Commanders and leaders
- Antonio Maceo: Ulpiano Sánchez Echevarría

Units involved
- Céspedes Regiment Las Villas Regiment: Baza Battalion Isabel la Católica Regiment

Strength
- 1,560 Mambises: 520 Infantry

Casualties and losses
- 12 killed, 49 Wounded: Source 1: 48 – 200 killed and wounded Source 2: 400 killed and wounded

= Battle of Las Taironas =

Part of the Cuban War of Independence (1896)

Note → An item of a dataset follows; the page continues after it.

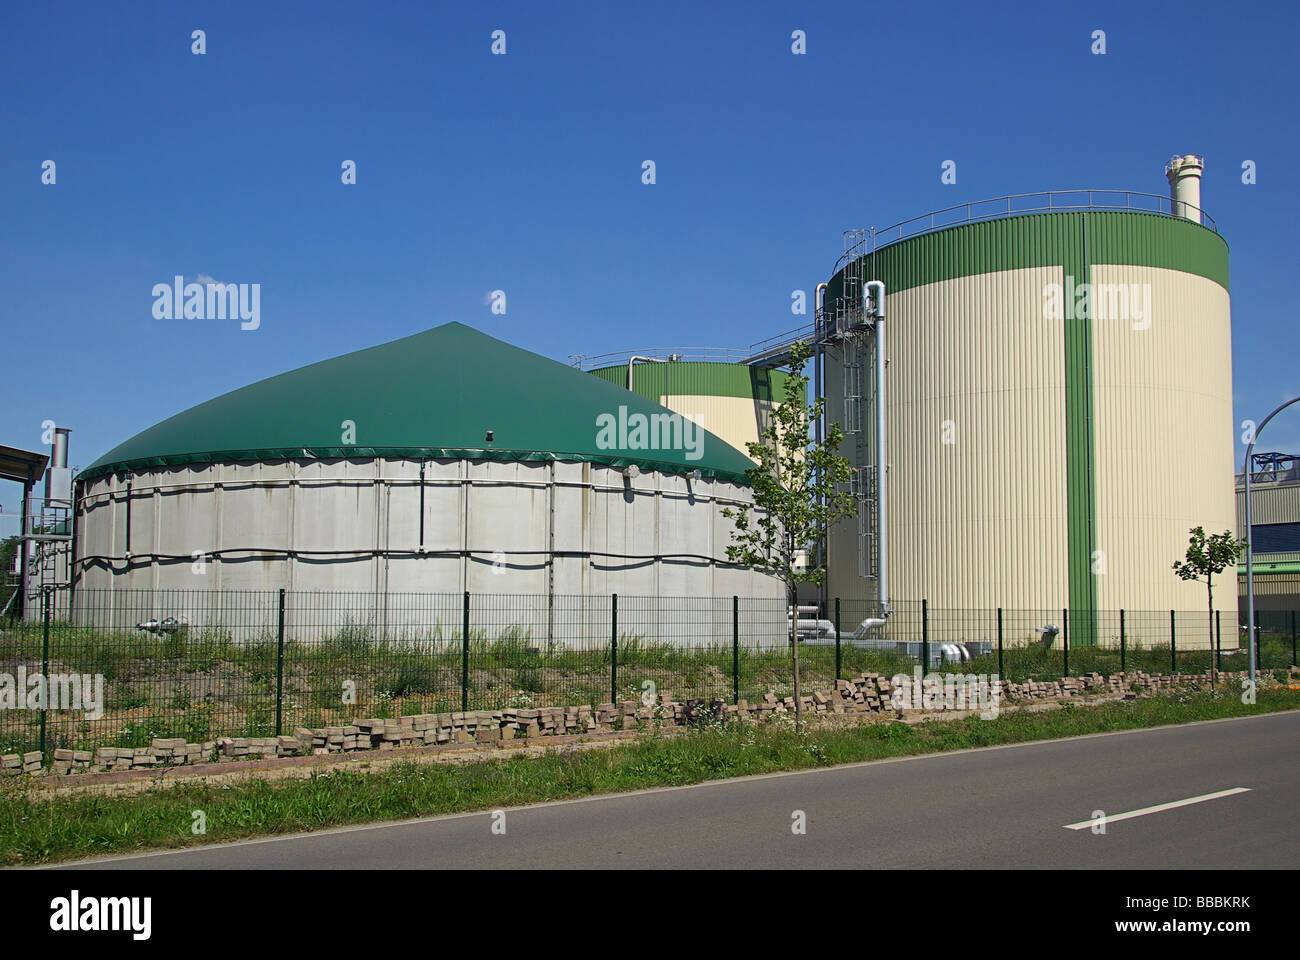 Biogasanlage biogas plant 15 Stock Photo

The Battle of Las Taironas was a battle of the Cuban War of Independence that took place on January 17, 1896 at Pinar del Río between Cuban forces led by Major General Antonio Maceo and the Spanish led by lieutenant colonel Ulpiano Sanchez Echevarria who was a Cuban native.

==Background==
Within the period of the Invasion from East to West in Cuba, Antonio Maceo; After separating from Máximo Gómez in La Habana Province, he continued his march to the westernmost end of the province of Pinar del Río with the aim of reaching the end of the invasion. After a series of defeats, the Spanish command, led by Arsenio Martínez Campos, sought one last action to stop Maceo, an occasion that appeared in the town of Las Taironas.

==The Battle==
During the course of the battle, the Spanish hosts were repelled, leaving, in a field covered with dead and wounded and the Mambi troops opening the doors for the end of the invasion. The Cuban revolutionaries suffered a major loss during the fighting however as Dr. Federico de la Torre y Latte was killed in action.

==Aftermath==
The Cuban rebels captured 45 mules from the Spanish. As a result of this failure, which together with the arrival of Maceo to Guane on January 22, 1896, Captain General Martínez Campos was forced to submit his resignation.